TASK DIRECTIONS
Please return the data word for word and leave out any picture it contains.

MATERIAL PROVIDED
▼▼▼

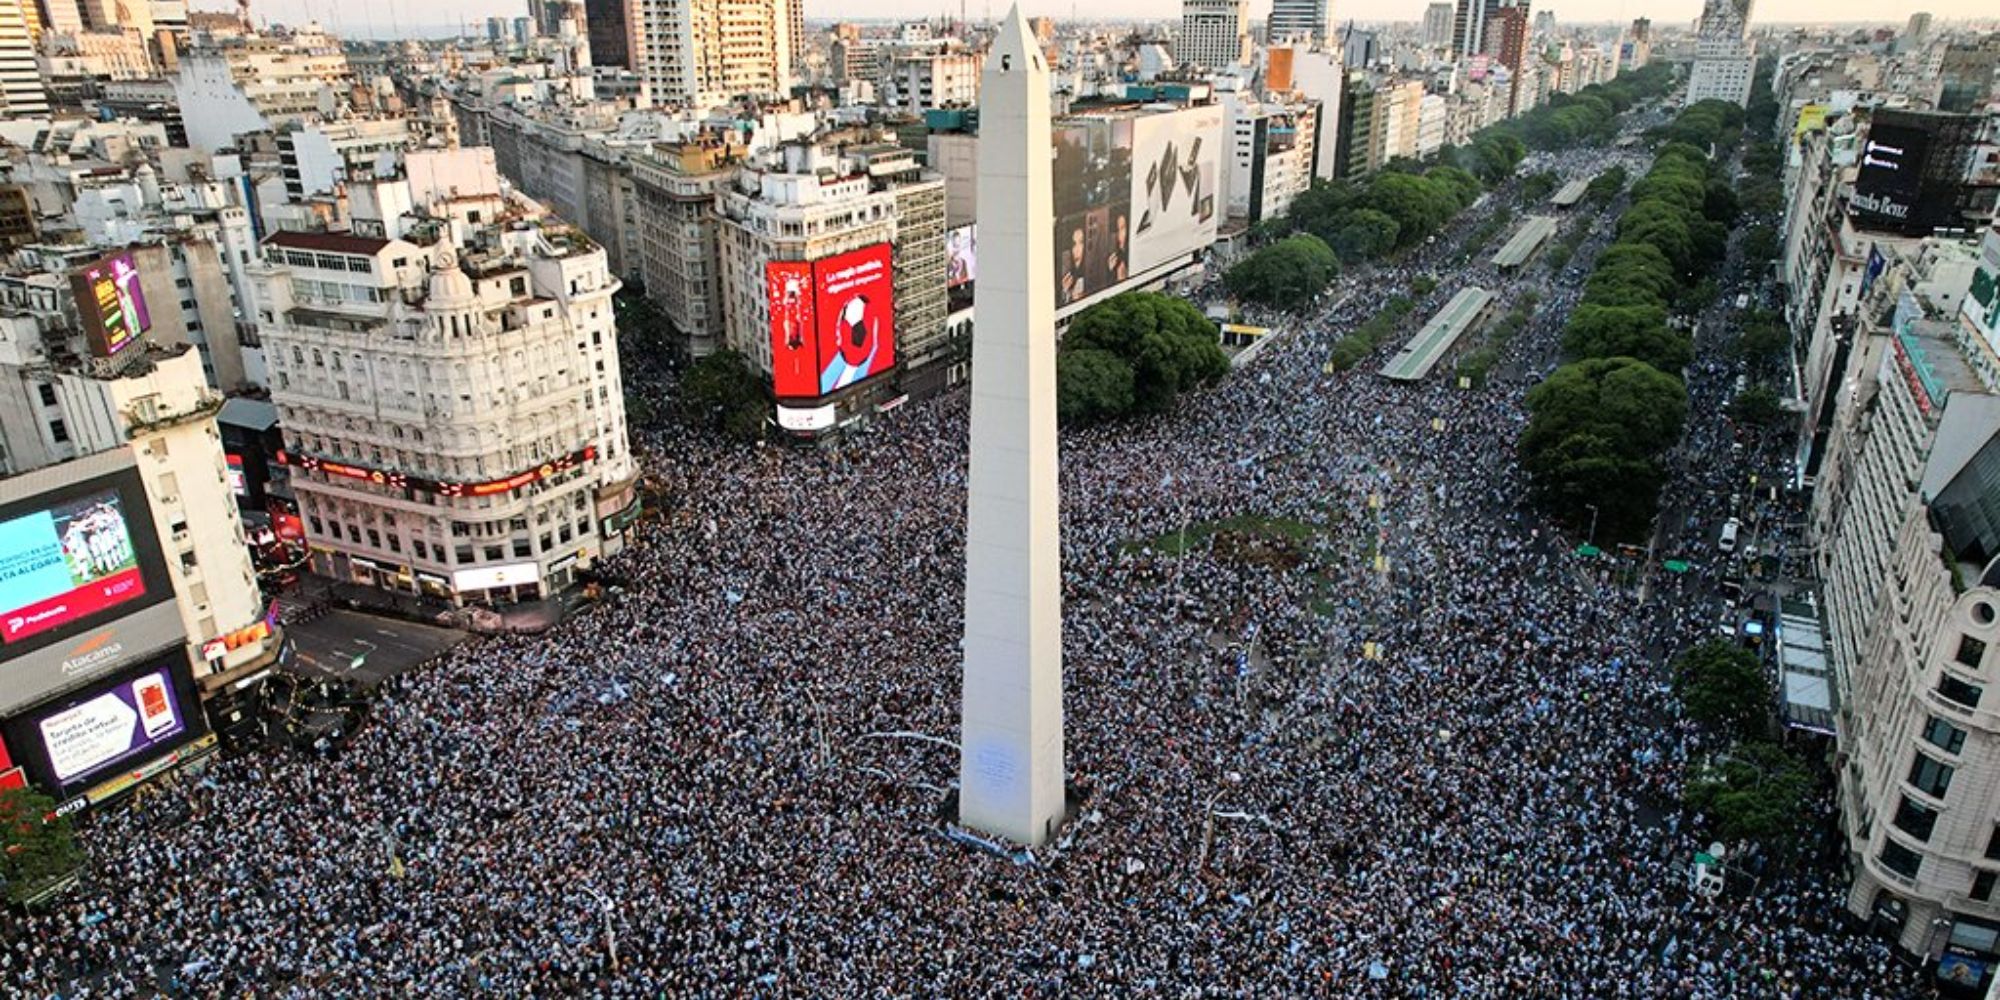 Εικόνα από το κέντρο του Μπουένος Άιρες με τους πανηγυρισμούς
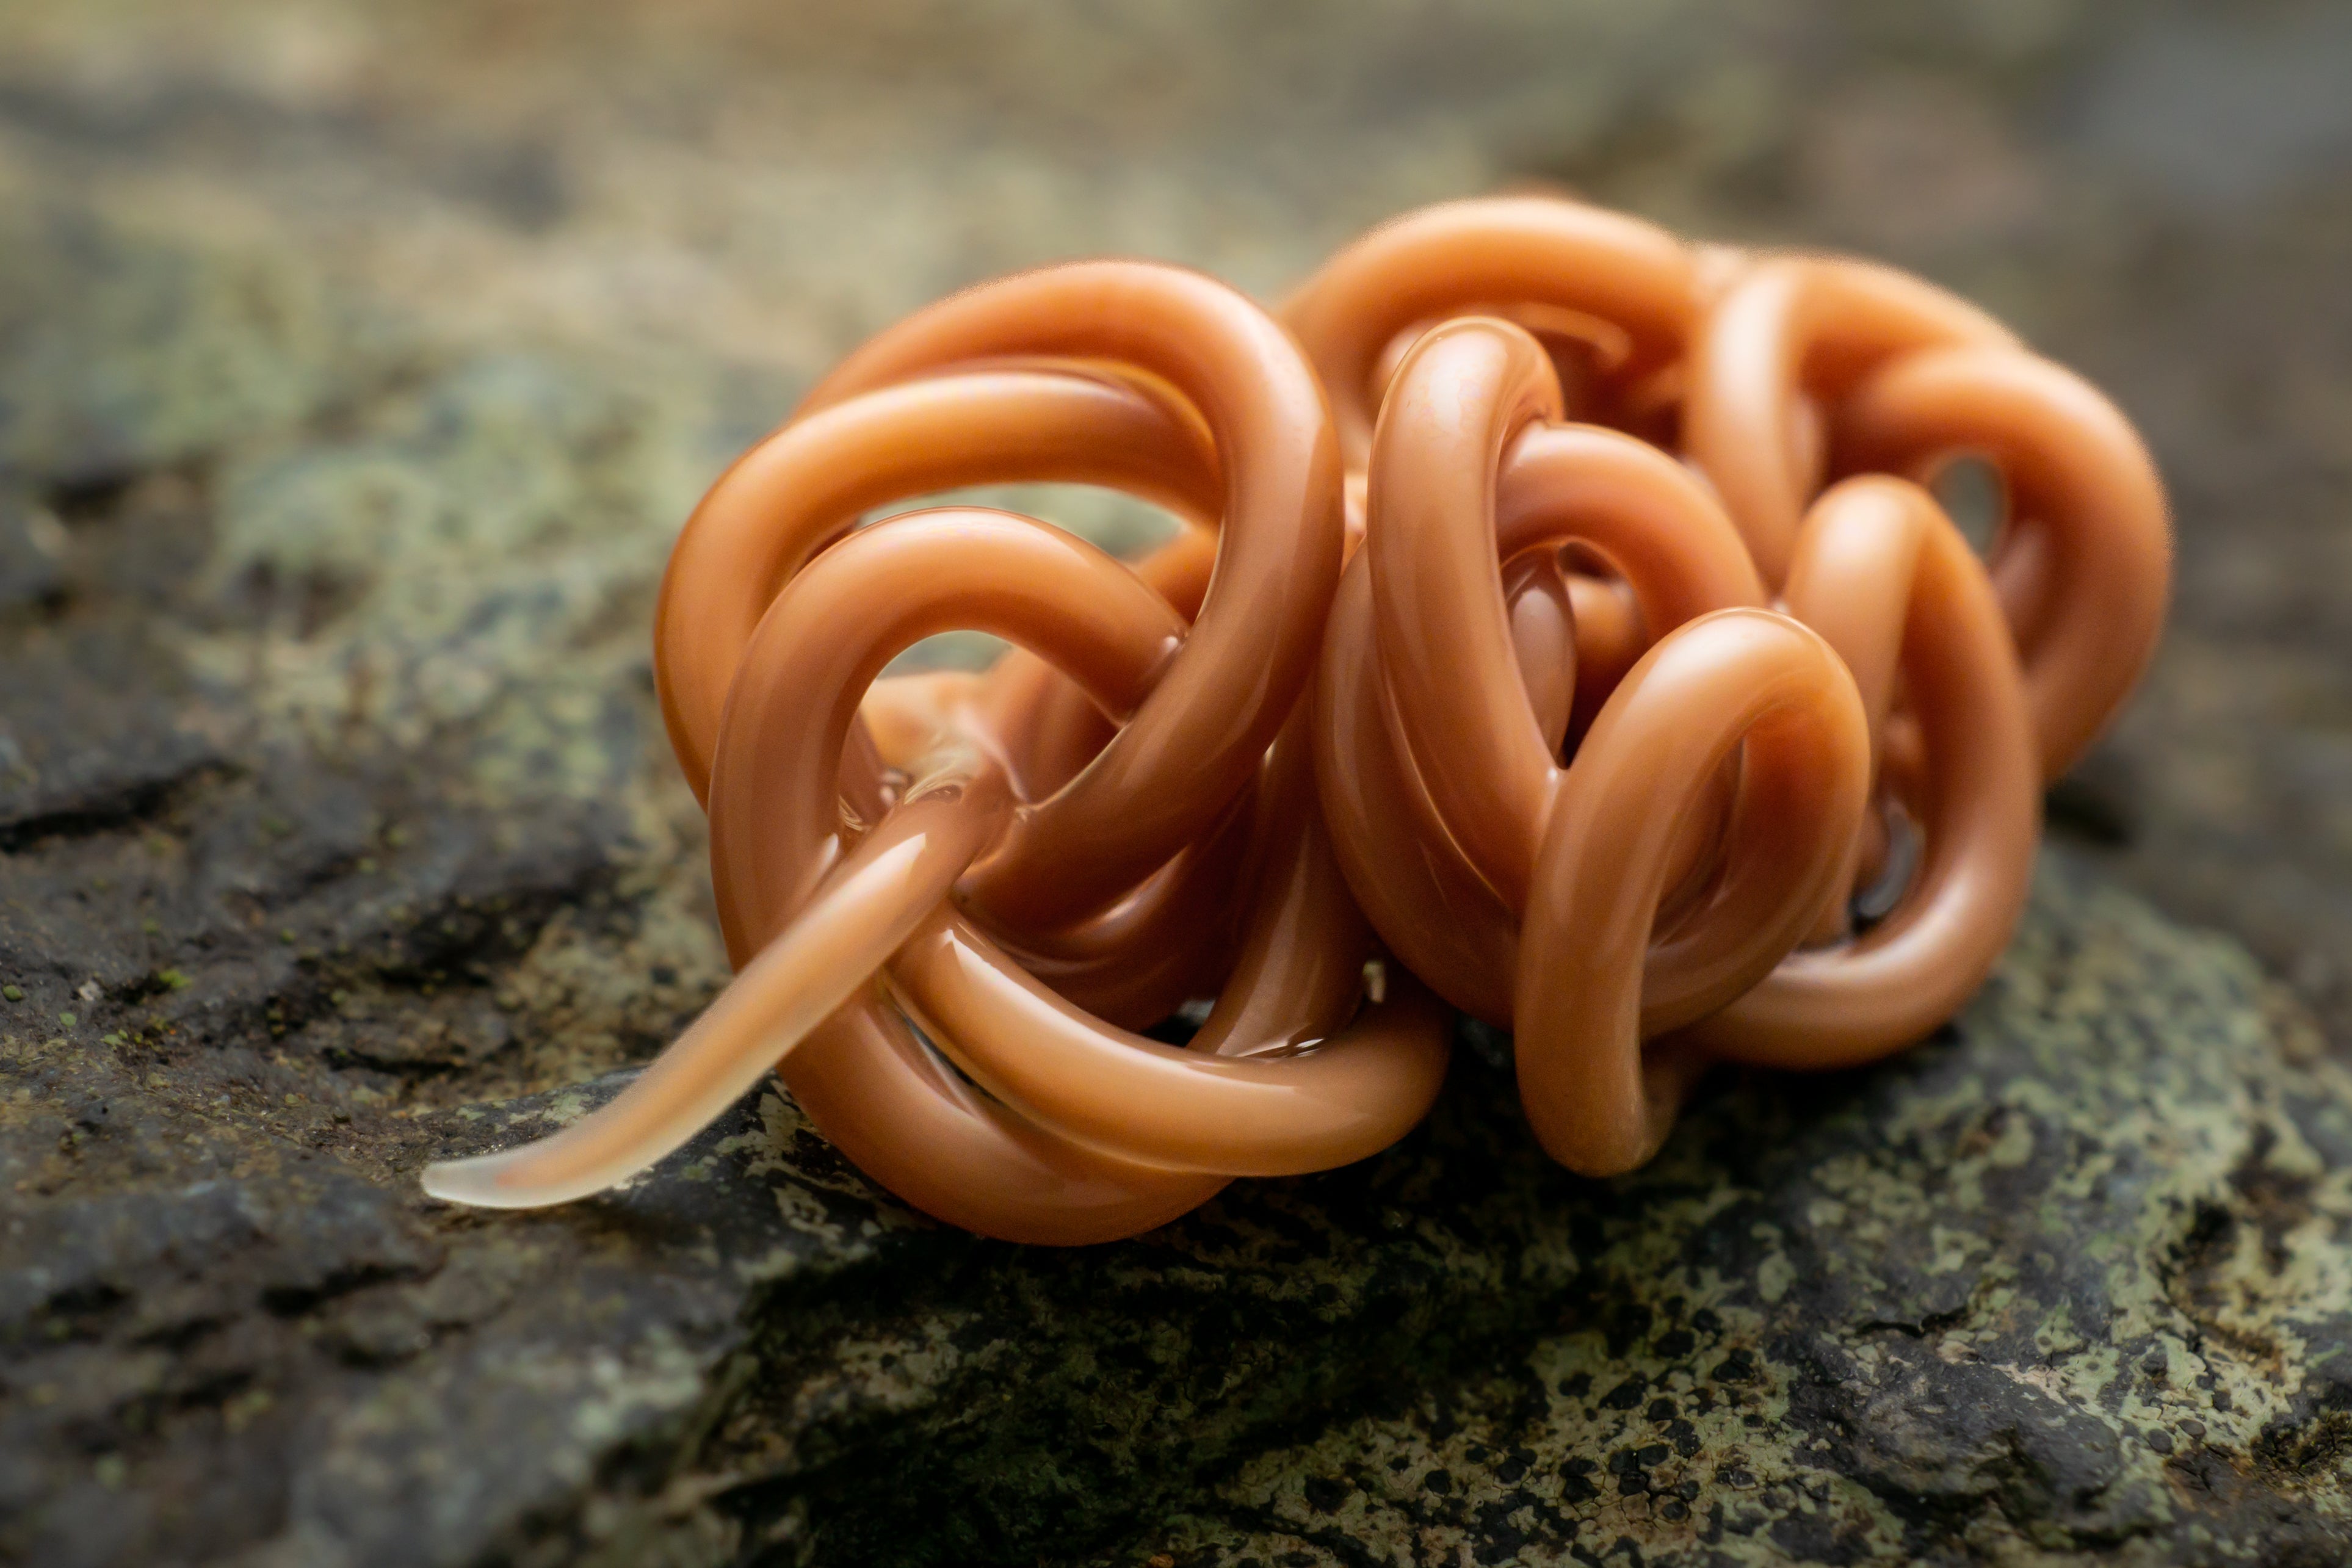 An Australian parasitic worm in a knot. (Photo: Ben Revell)
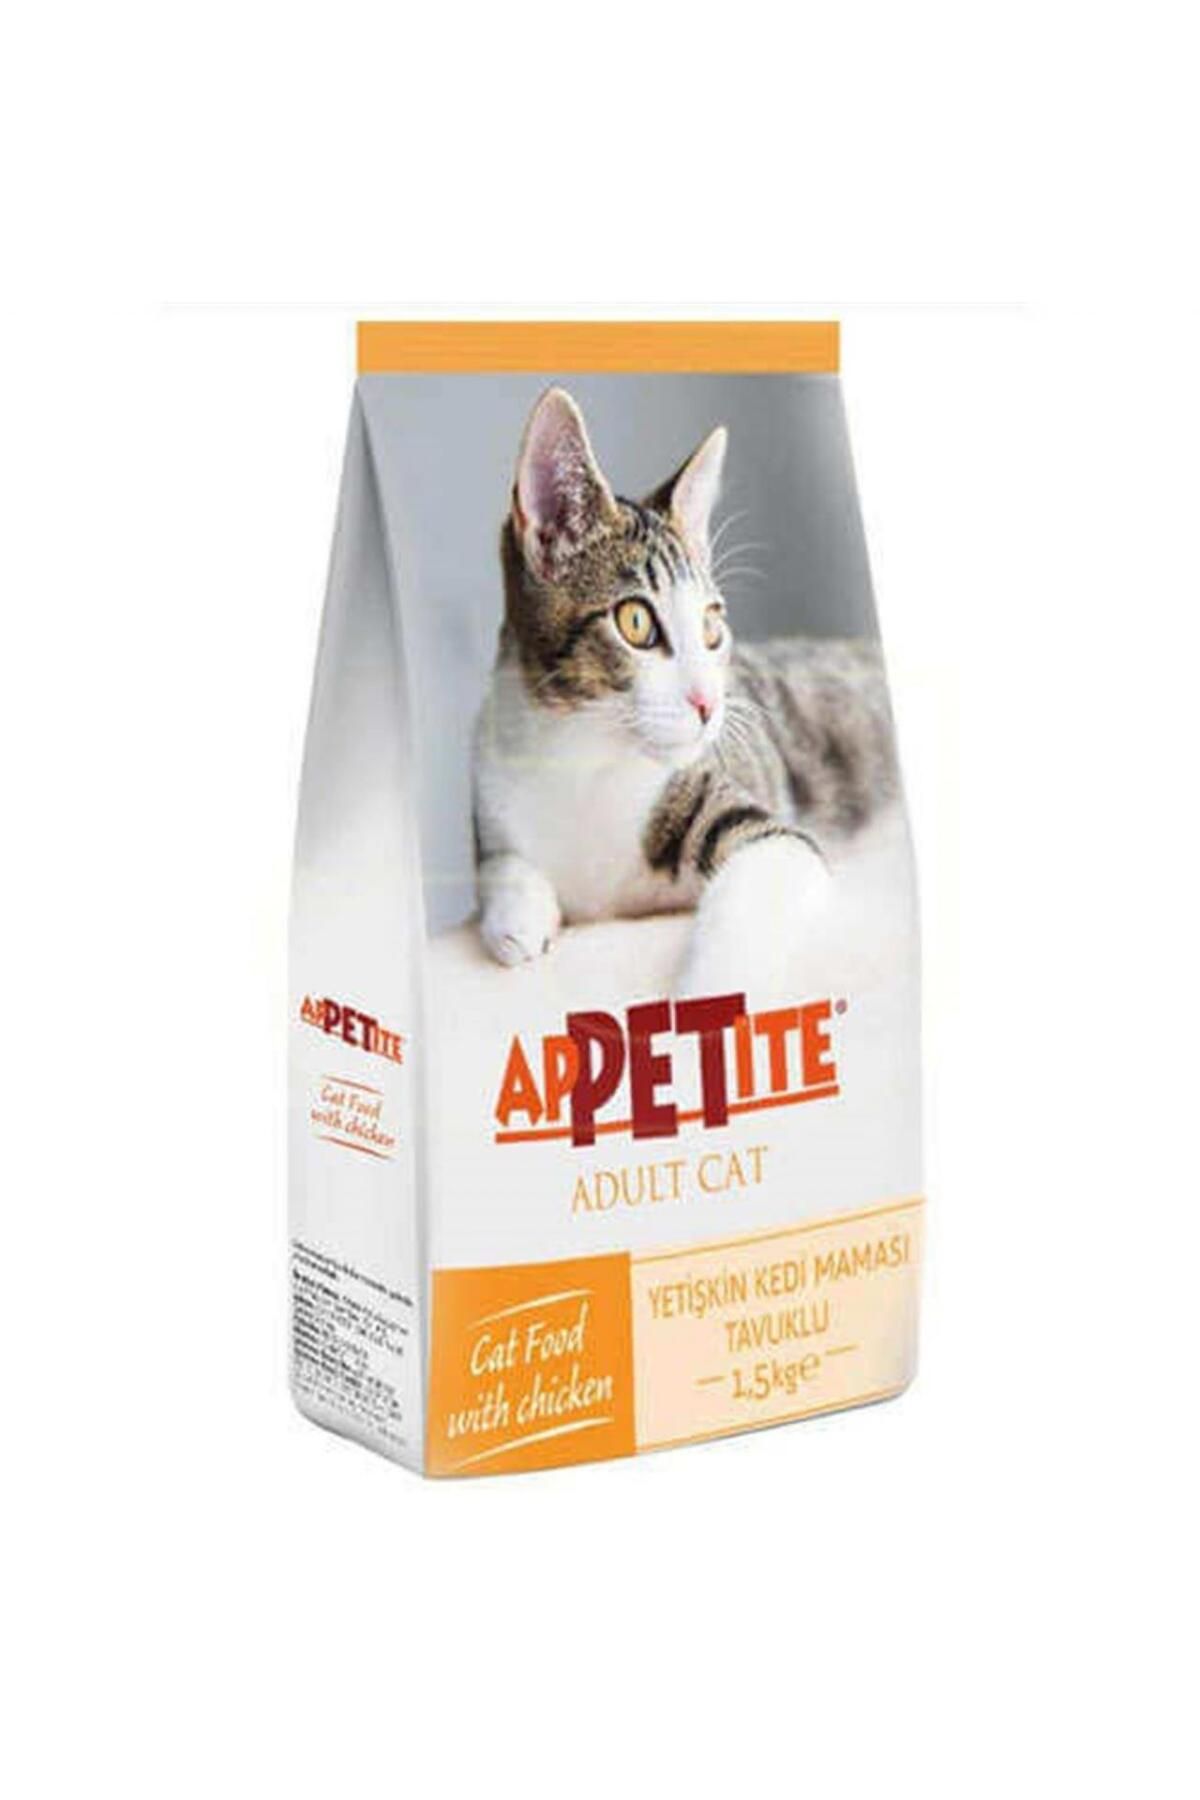 Appetite Yetişkin Tavuklu Kedi Maması 1,5 Kg

▲▲▲

WRITTEN RESPONSE
 Εικόνα από το κέντρο του Μπουένος Άιρες με τους πανηγυρισμούς
 An Australian parasitic worm in a knot. (Photo: Ben Revell)
 Appetite Yetişkin Tavuklu Kedi Maması 1,5 Kg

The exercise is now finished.